Collected material ▸
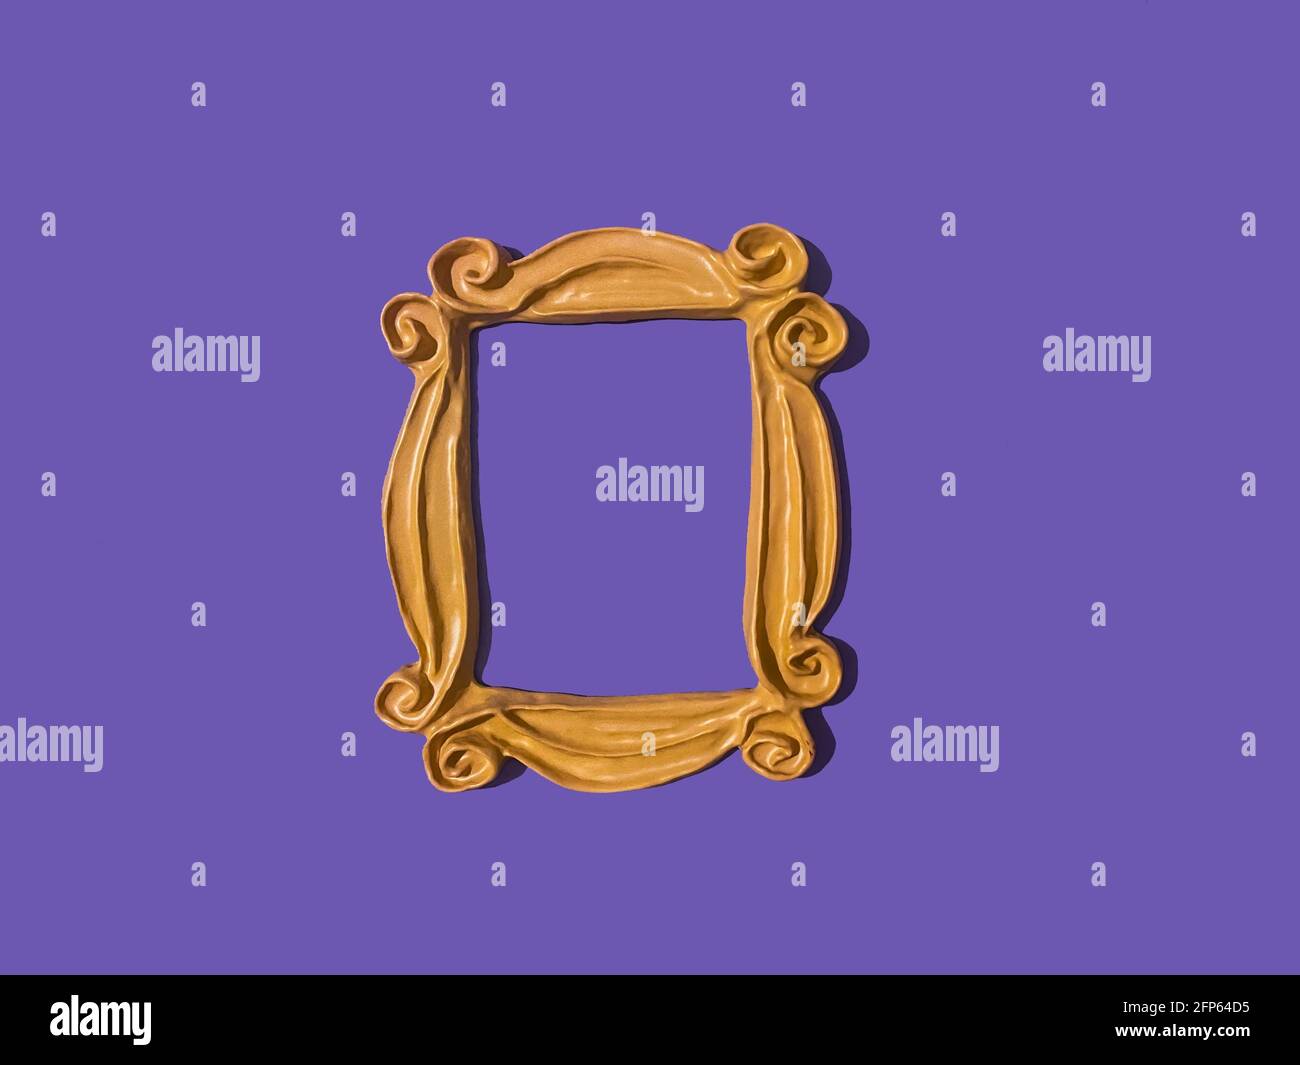 Yellow frame from the FRIENDS tv show which was used around Monica's peephole on the door. Purple wall. Picture frame. FRIENDS television show frame Stock Photo
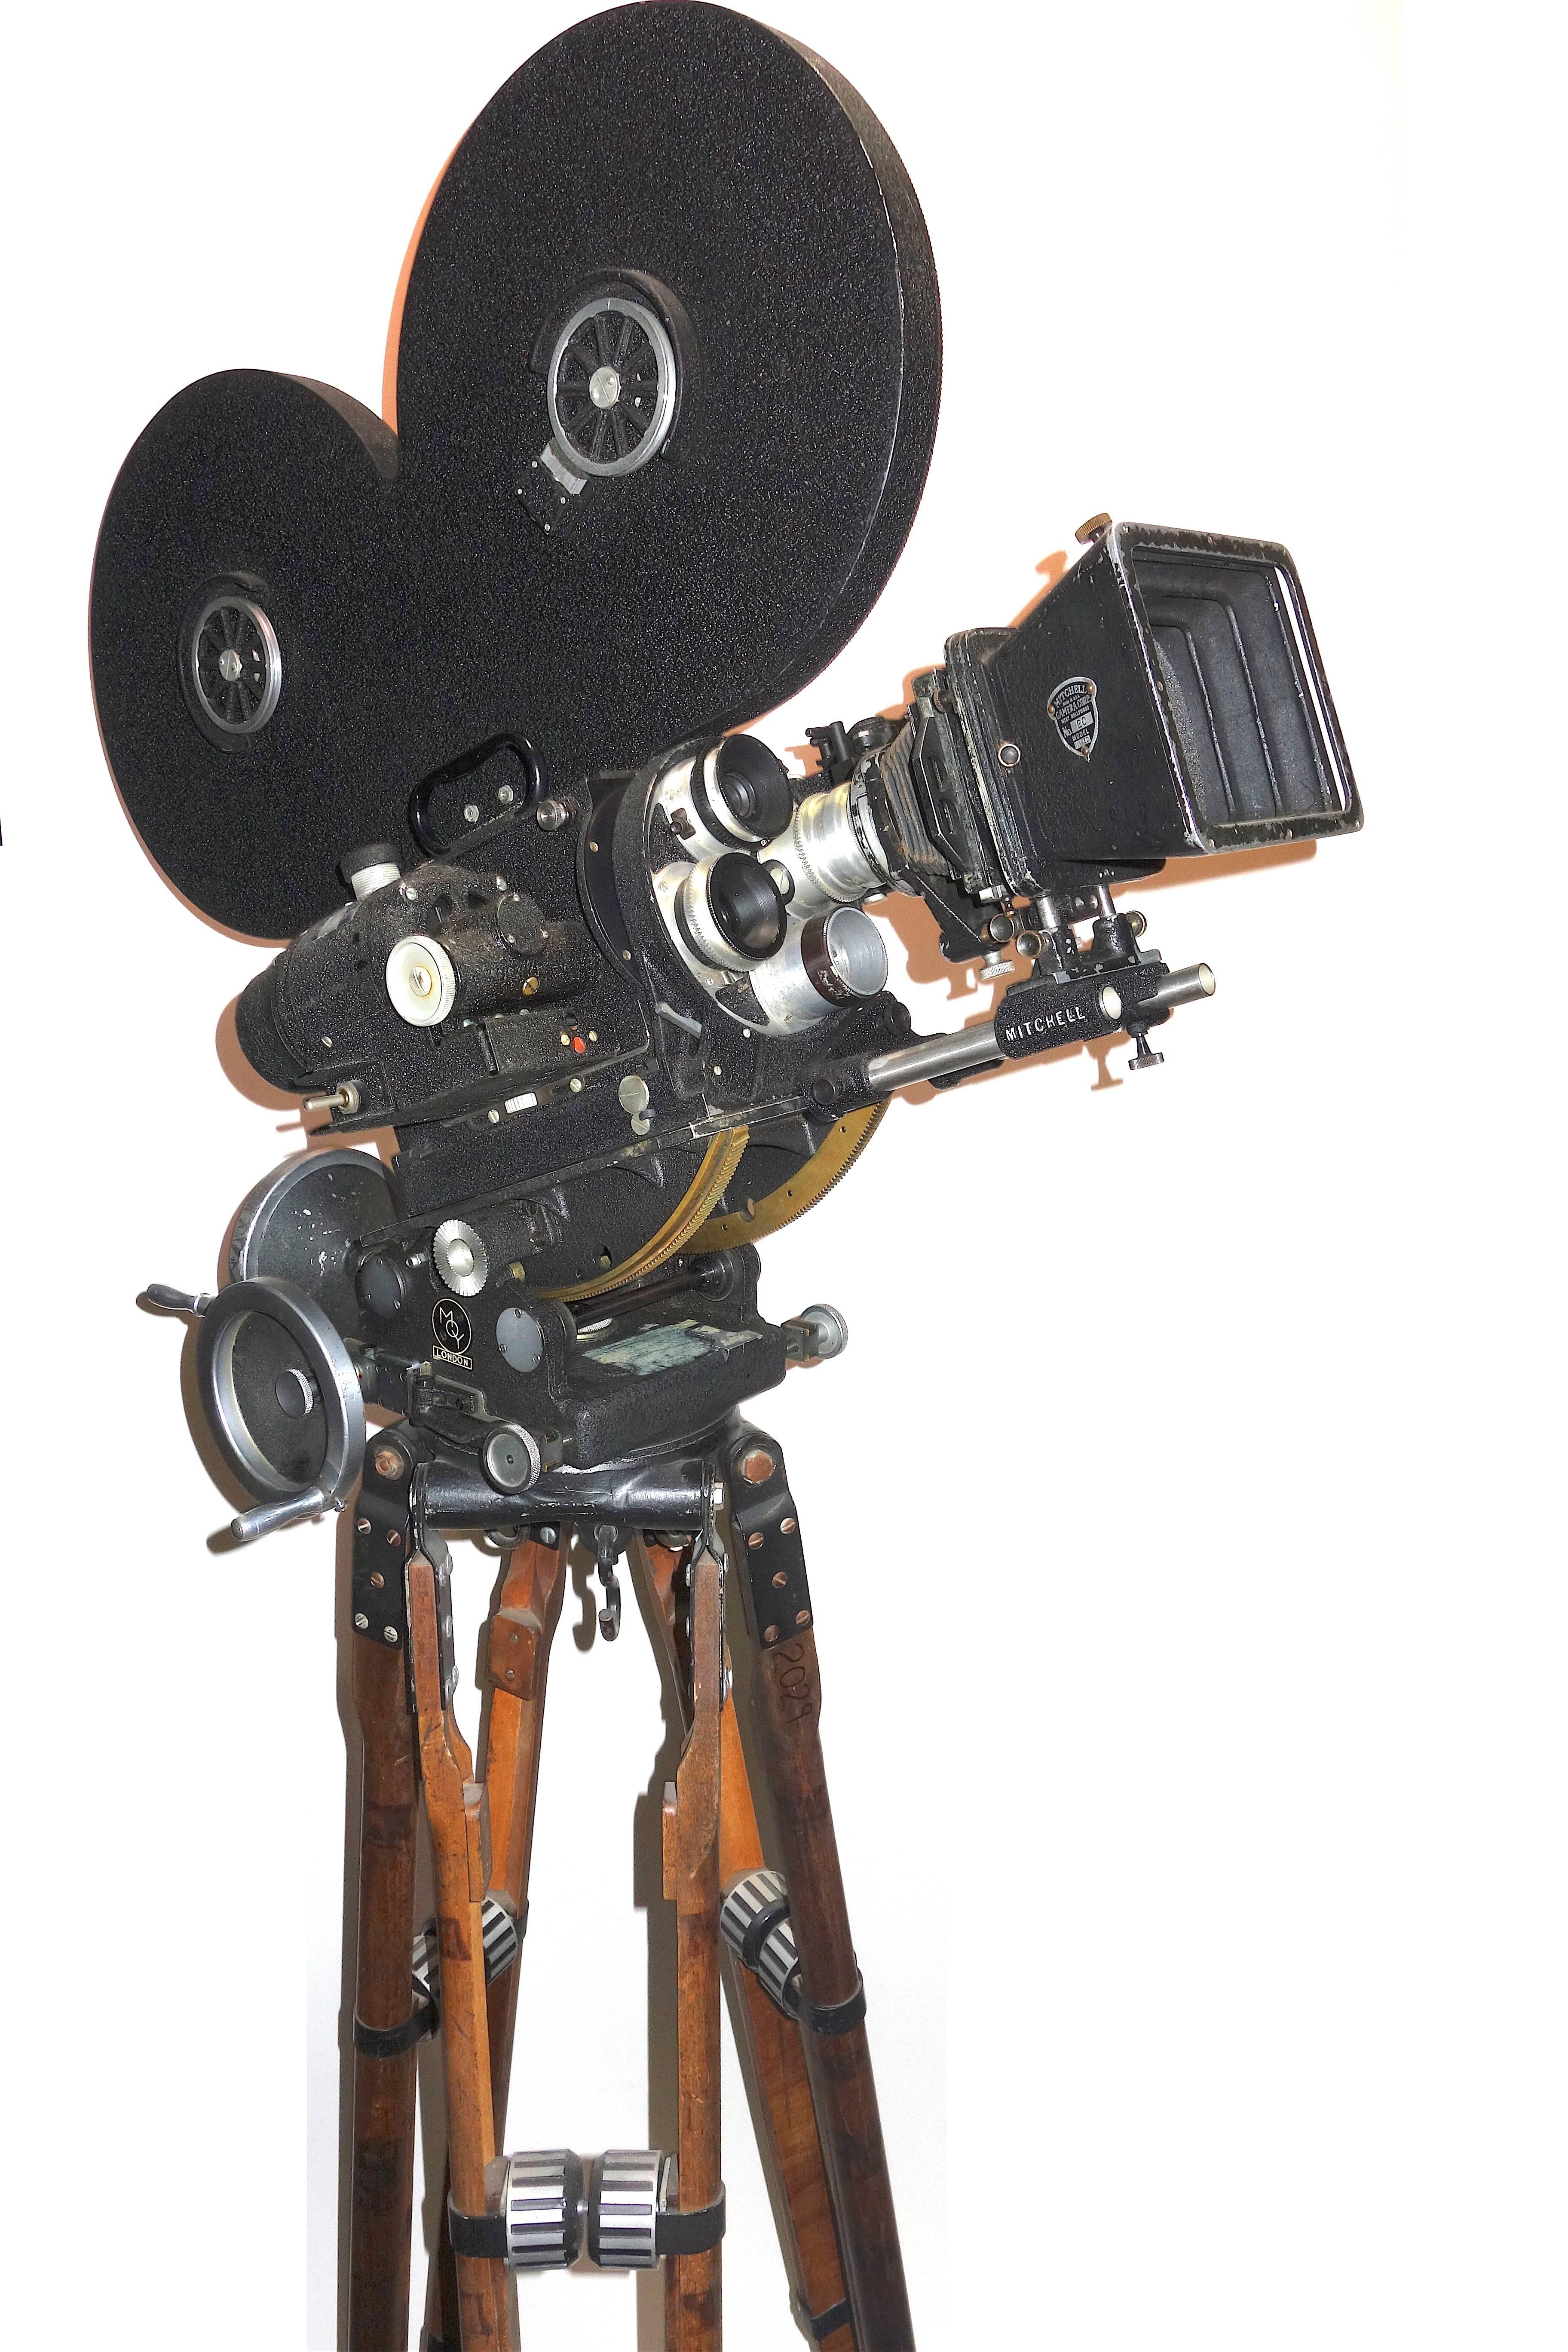 Offered for your approval is this midcentury USA Made complete Mitchell Motion Picture Camera displayed on a British Made MOY Mini Geared Head and American Wood Tripod Legs.

This is an outstanding example of a 16mm professional Mitchell camera with

Exercise brief ▸
Everything in the preceding material must be transcribed exactly, except the images.

Solution ▸
 Yellow frame from the FRIENDS tv show which was used around Monica's peephole on the door. Purple wall. Picture frame. FRIENDS television show frame Stock Photo
 Offered for your approval is this midcentury USA Made complete Mitchell Motion Picture Camera displayed on a British Made MOY Mini Geared Head and American Wood Tripod Legs.

This is an outstanding example of a 16mm professional Mitchell camera with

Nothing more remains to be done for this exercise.